早期面試題考點：https://www.cnblogs.com/runnerjack/p/8597981.html

Transformations on DStreams

和RDD的轉換類似，轉換算子的作用是轉換DStream.其中DStream常見的許多算子使用和Spark RDD保持一致。

轉換	含義
map(func)	Return a new DStream by passing each element of the source DStream through a function func.
flatMap(func)	Similar to map, but each input item can be mapped to 0 or more output items.
filter(func)	Return a new DStream by selecting only the records of the source DStream on which func returns true.
repartition(numPartitions)	Changes the level of parallelism in this DStream by creating more or fewer partitions.
union(otherStream)	Return a new DStream that contains the union of the elements in the source DStream and otherDStream.
count()	Return a new DStream of single-element RDDs by counting the number of elements in each RDD of the source DStream.
reduce(func)	Return a new DStream of single-element RDDs by aggregating the elements in each RDD of the source DStream using a function func (which takes two arguments and returns one). The function should be associative and commutative so that it can be computed in parallel.
countByValue()	When called on a DStream of elements of type K, return a new DStream of (K, Long) pairs where the value of each key is its frequency in each RDD of the source DStream.
reduceByKey(func, [numTasks])	When called on a DStream of (K, V) pairs, return a new DStream of (K, V) pairs where the values for each key are aggregated using the given reduce function. Note: By default, this uses Spark’s default number of parallel tasks (2 for local mode, and in cluster mode the number is determined by the config property `spark.default.parallelism`) to do the grouping. You can pass an optional `numTasks` argument to set a different number of tasks.
join(otherStream, [numTasks])	When called on two DStreams of (K, V) and (K, W) pairs, return a new DStream of (K, (V, W)) pairs with all pairs of elements for each key.
cogroup(otherStream, [numTasks])	When called on a DStream of (K, V) and (K, W) pairs, return a new DStream of (K, Seq[V], Seq[W]) tuples.
transform(func)	Return a new DStream by applying a RDD-to-RDD function to every RDD of the source DStream.
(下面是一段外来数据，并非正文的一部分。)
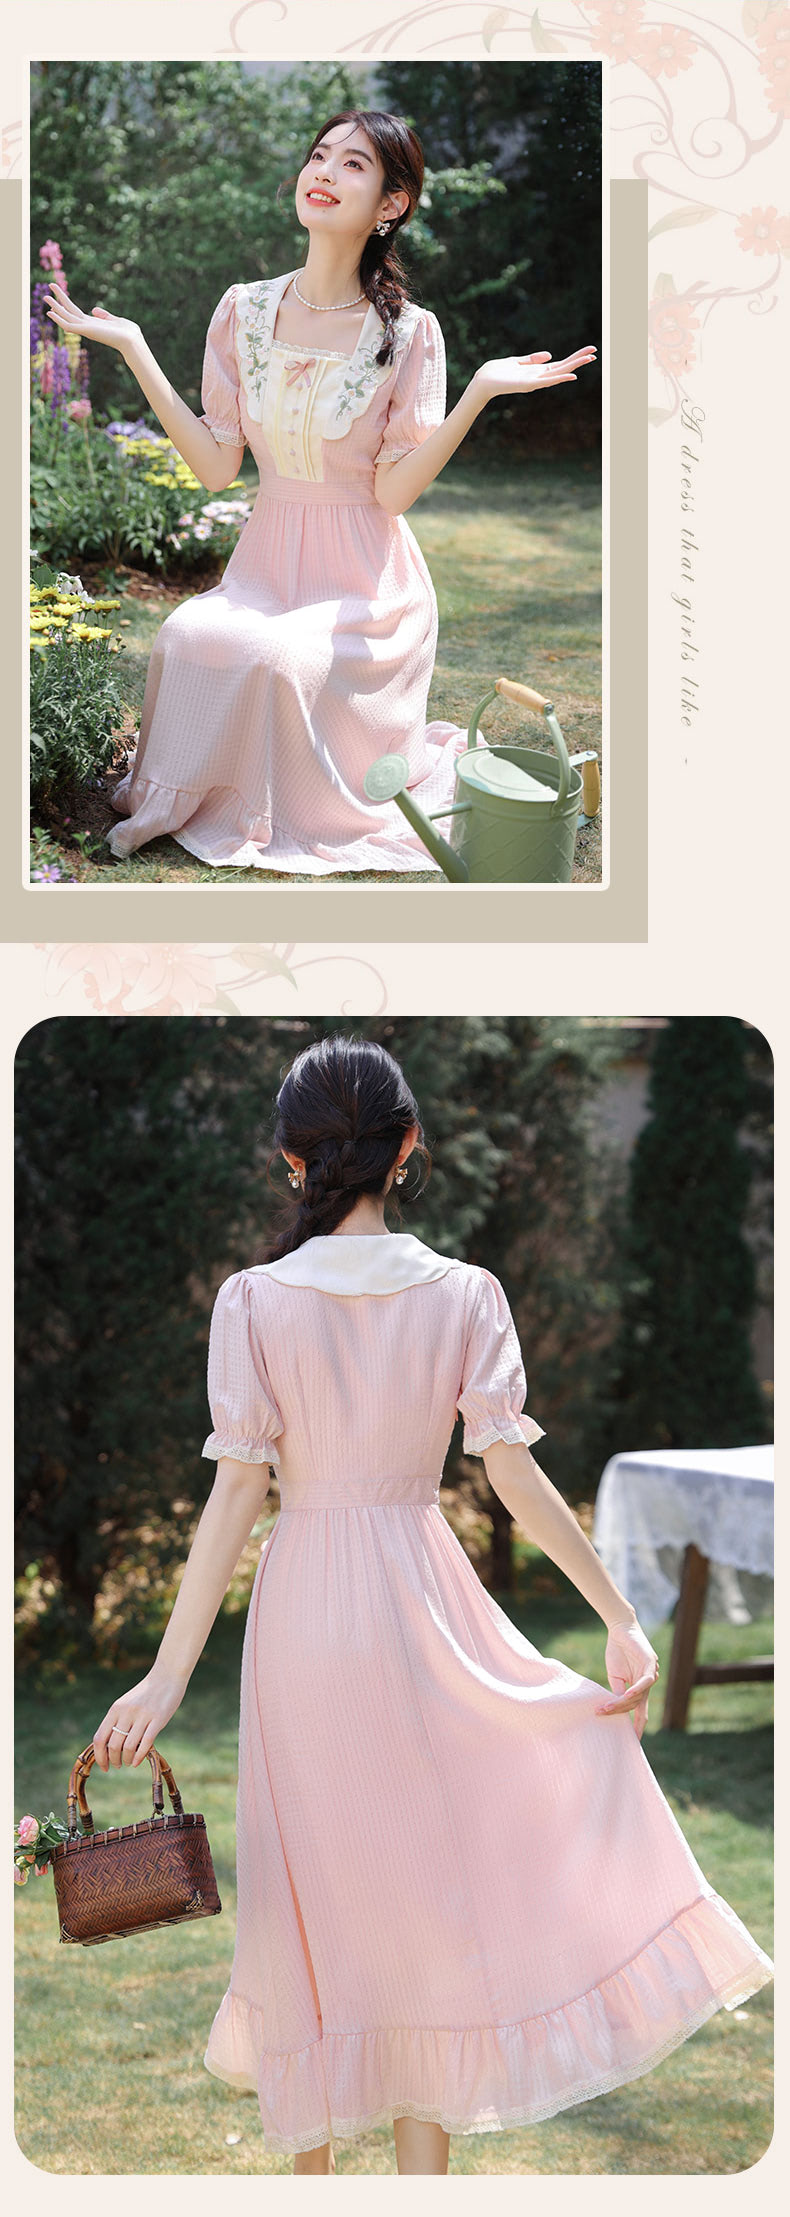 Romance-Vintage-Plaid-Embroidery-Summer-Casual-Long-Dress10.jpg

This can be used to do arbitrary RDD operations on the DStream.
updateStateByKey(func)	Return a new “state” DStream where the state for each key is updated by applying the given function on the previous state of the key and the new values for the key. This can be used to maintain arbitrary state data for each key.

map算子

//1,zhangsan,true
lines.map(line=> line.split(","))
    .map(words=>(words(0).toInt,words(1),words(2).toBoolean))
    .print()

flatMap

//hello spark
lines.flatMap(line=> line.split("\\s+"))
        .map((_,1)) //(hello,1)(spark,1)
        .print()

filter

//只會對含有hello的數據過濾
lines.filter(line => line.contains("hello"))
    .flatMap(line=> line.split("\\s+"))
    .map((_,1))
    .print()

repartition(修改分區)

lines.repartition(10) //修改程序並行度 分區數
    .filter(line => line.contains("hello"))
    .flatMap(line=> line.split("\\s+"))
    .map((_,1))
    .print()

union(將兩個流合併)

val stream1: DStream[String] = ssc.socketTextStream("CentOS",9999)
val stream2: DStream[String] = ssc.socketTextStream("CentOS",8888)
stream1.union(stream2).repartition(10)
    .filter(line => line.contains("hello"))
    .flatMap(line=> line.split("\\s+"))
    .map((_,1))
    .print()

count

val stream1: DStream[String] = ssc.socketTextStream("CentOS",9999)
val stream2: DStream[String] = ssc.socketTextStream("CentOS",8888)
stream1.union(stream2).repartition(10)
    .flatMap(line=> line.split("\\s+"))
    .count() //計算微批處中RDD元素的個數
    .print()

reduce(func)

val stream1: DStream[String] = ssc.socketTextStream("CentOS",9999)
val stream2: DStream[String] = ssc.socketTextStream("CentOS",8888)
stream1.union(stream2).repartition(10)  // aa bb
    .flatMap(line=> line.split("\\s+"))
    .reduce(_+"|"+_)
    .print() //aa|bb

countByValue(key計數)

val stream1: DStream[String] = ssc.socketTextStream("CentOS",9999)
val stream2: DStream[String] = ssc.socketTextStream("CentOS",8888)
stream1.union(stream2).repartition(10) // a a b c
    .flatMap(line=> line.split("\\s+"))
    .countByValue()  (a，2) （b,1） (c,1)
    .print()

reduceByKey(func, [numTasks])

var lines:DStream[String]=ssc.socketTextStream("CentOS",9999) //this is spark this
    lines.repartition(10)
    .flatMap(line=> line.split("\\s+").map((_,1)))
    .reduceByKey(_+_)// （this,2）(is,1)(spark ,1)
    .print()

join(otherStream, [numTasks])

//1 zhangsan
val stream1: DStream[String] = ssc.socketTextStream("CentOS",9999)
//1 apple 1 4.5
val stream2: DStream[String] = ssc.socketTextStream("CentOS",8888)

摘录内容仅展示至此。